DATA TO USE START
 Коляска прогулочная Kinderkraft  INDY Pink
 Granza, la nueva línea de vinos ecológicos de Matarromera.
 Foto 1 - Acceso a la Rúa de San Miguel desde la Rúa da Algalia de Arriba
DATA TO USE END
DATA TO USE START
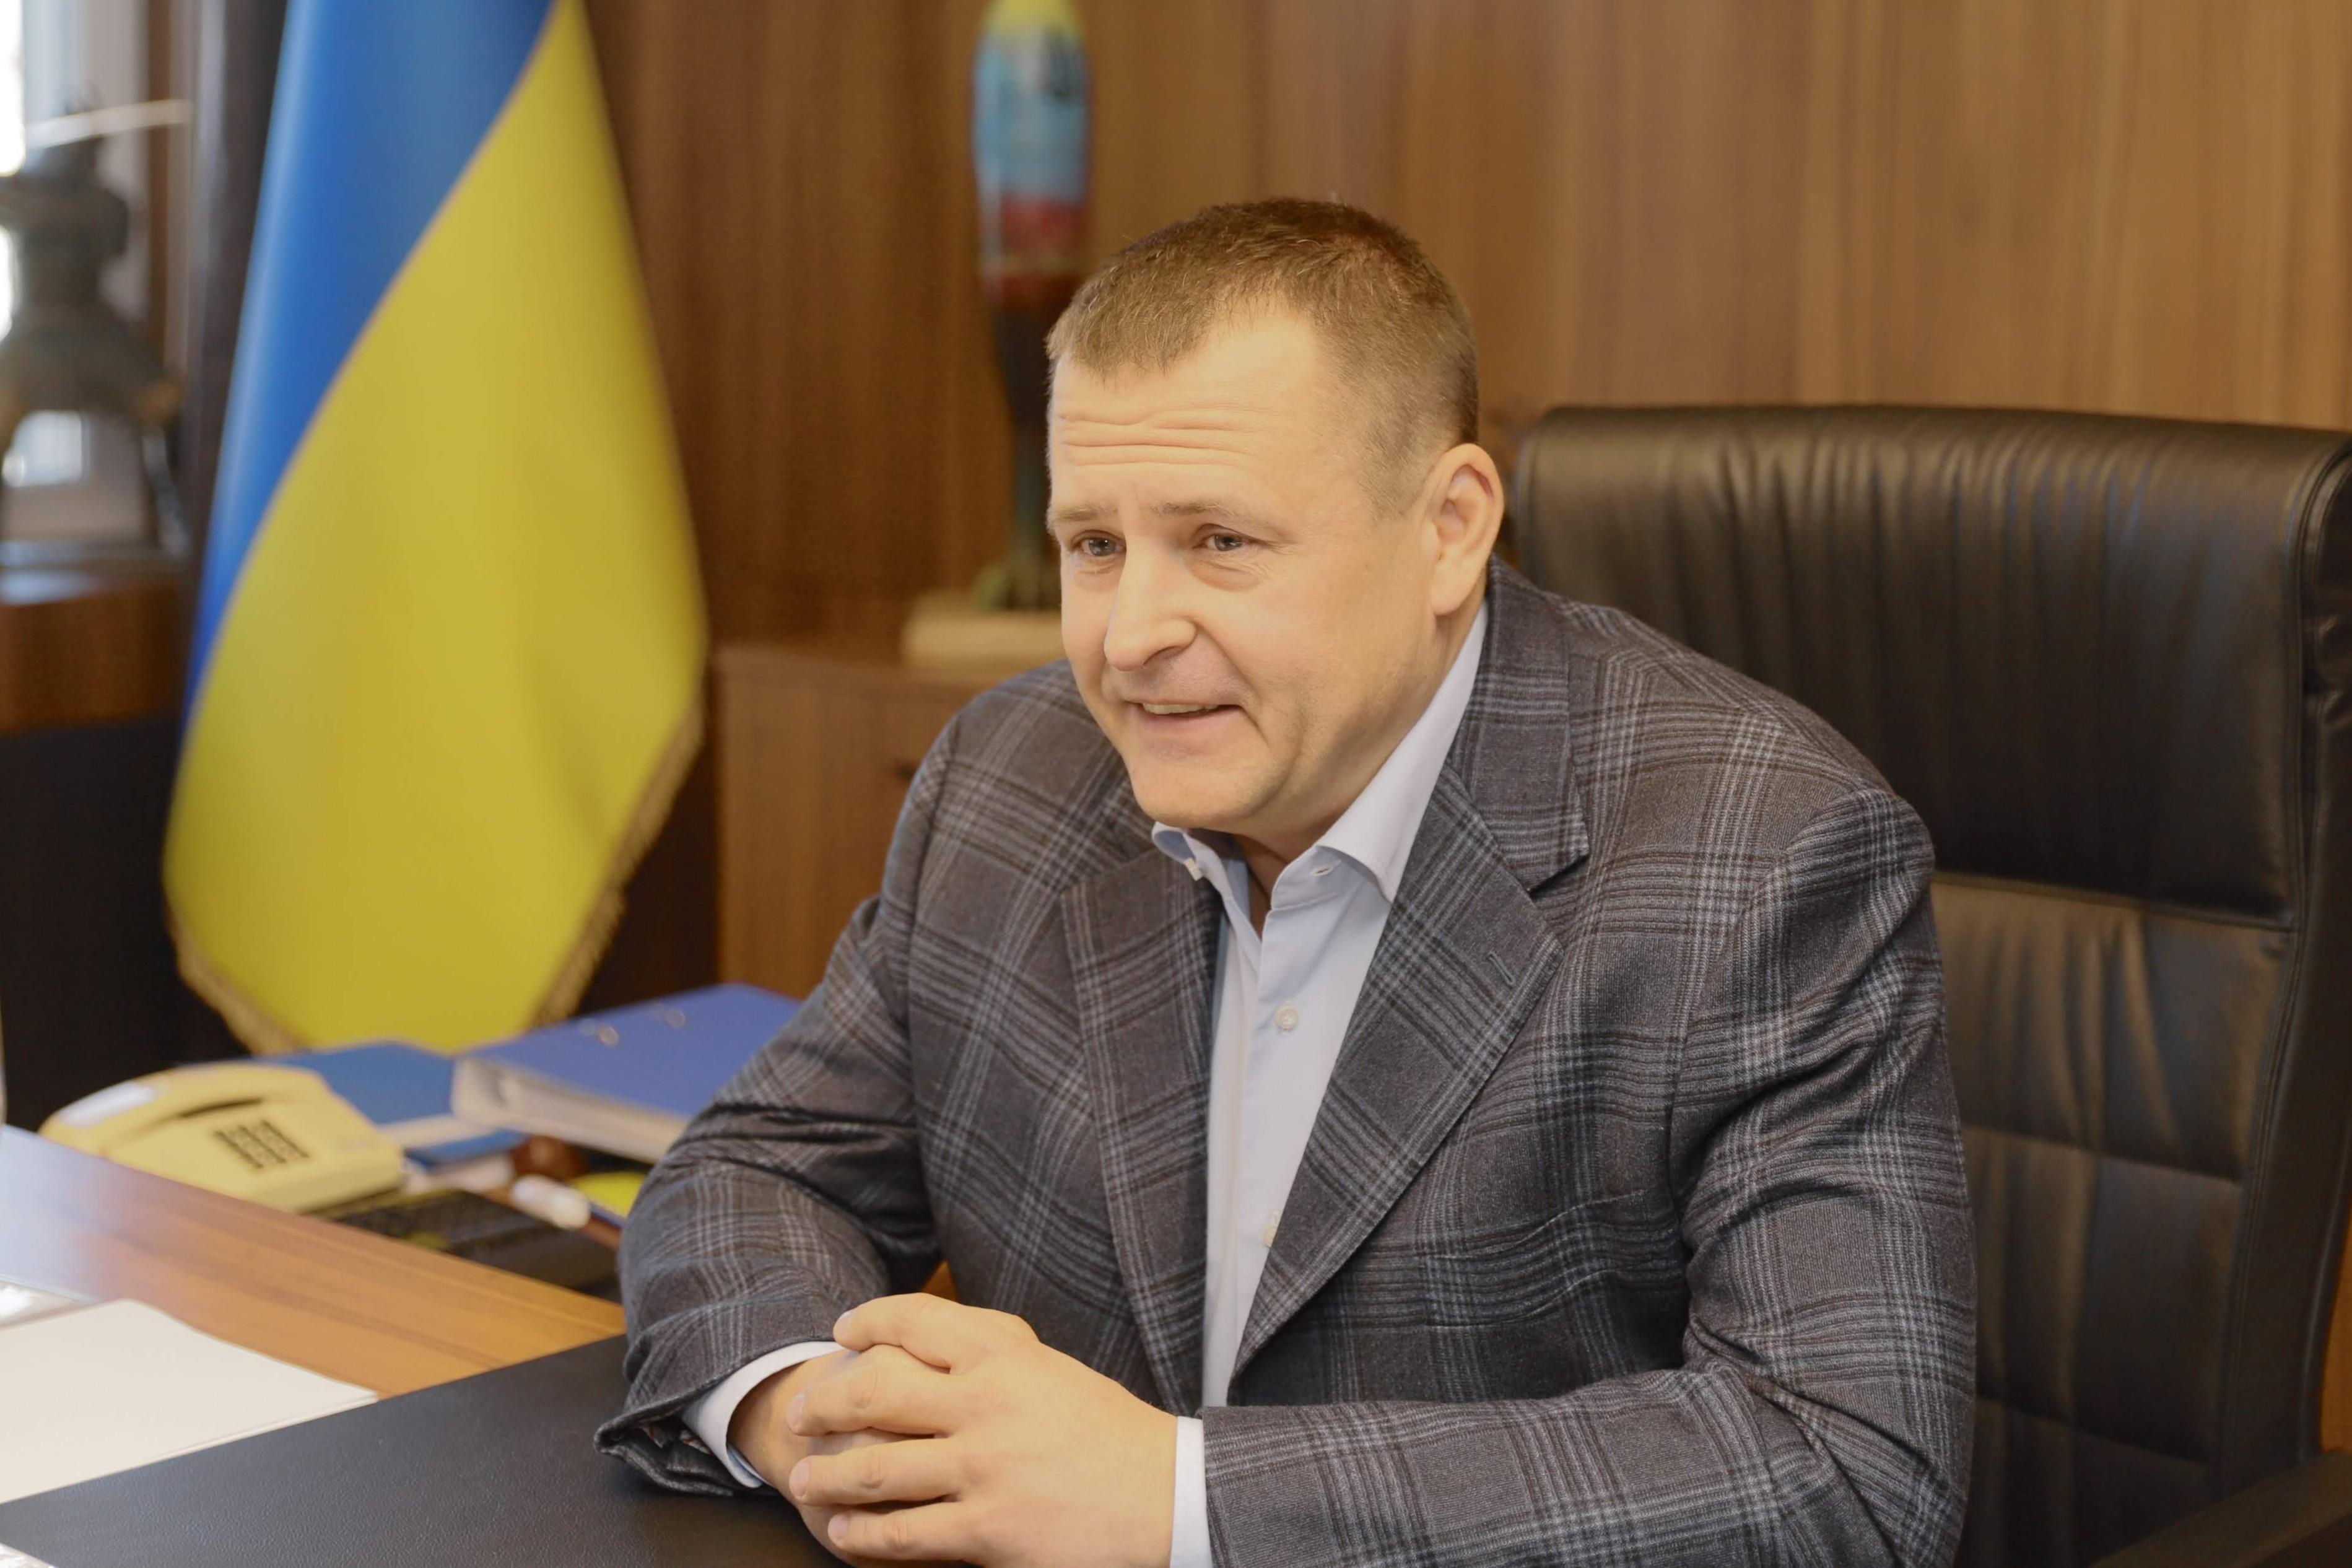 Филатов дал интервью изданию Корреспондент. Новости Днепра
DATA TO USE END
DATA TO USE START
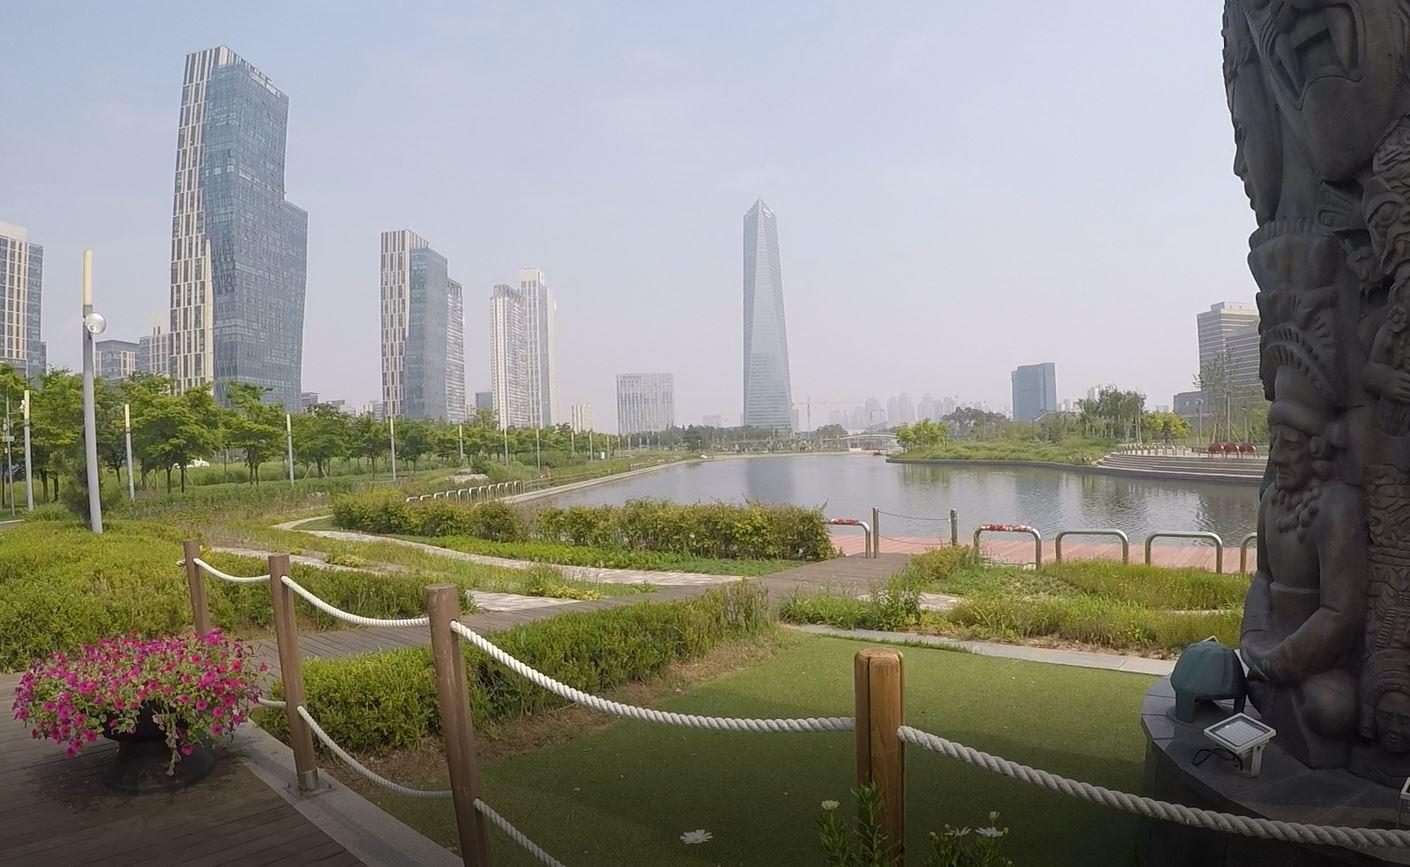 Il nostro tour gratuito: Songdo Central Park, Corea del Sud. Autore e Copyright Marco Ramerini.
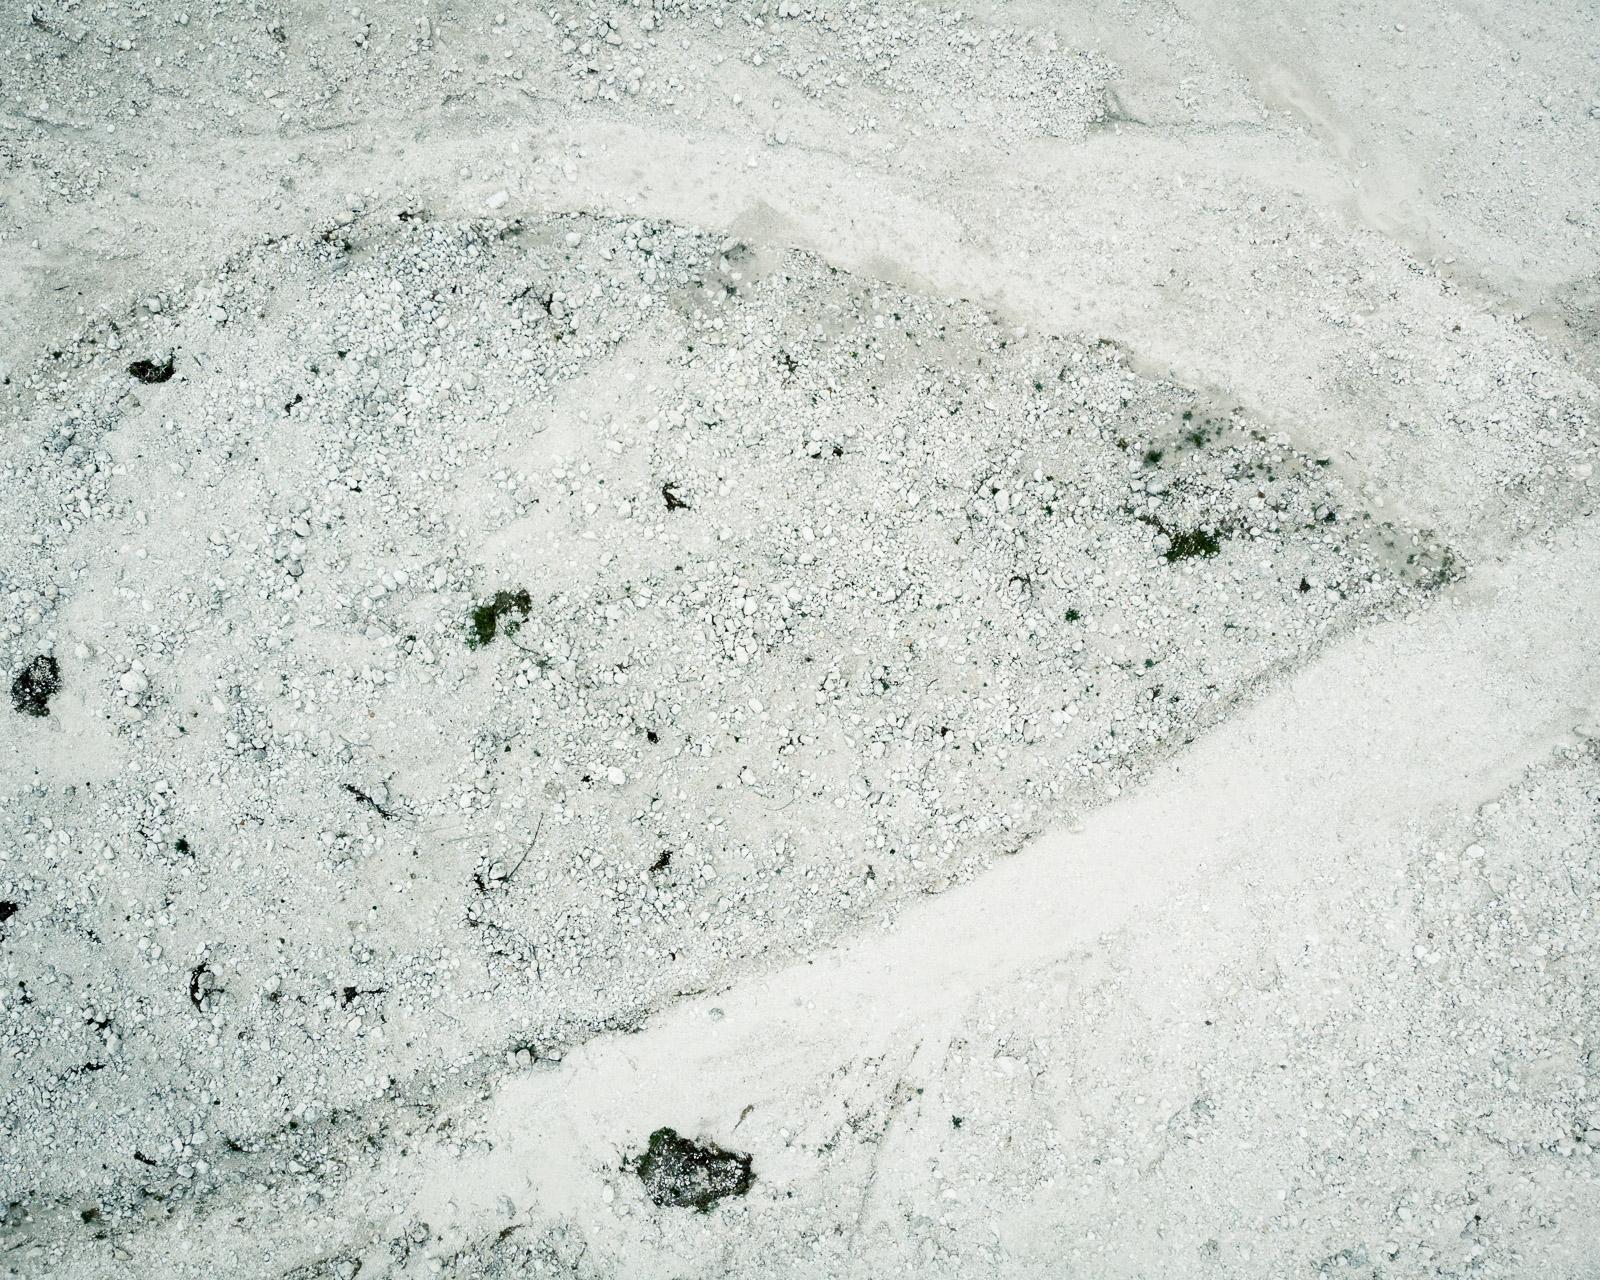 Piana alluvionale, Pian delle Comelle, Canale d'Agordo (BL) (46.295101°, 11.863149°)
DATA TO USE END
*GOAL OF THE EXERCISE:* Copy out the lines above from the line containing "Il nostro tour" through the line containing "Piana alluvionale, Pian", exactly, and keep the pictures out.

*FINAL ANSWER:*
 Il nostro tour gratuito: Songdo Central Park, Corea del Sud. Autore e Copyright Marco Ramerini.
 Piana alluvionale, Pian delle Comelle, Canale d'Agordo (BL) (46.295101°, 11.863149°)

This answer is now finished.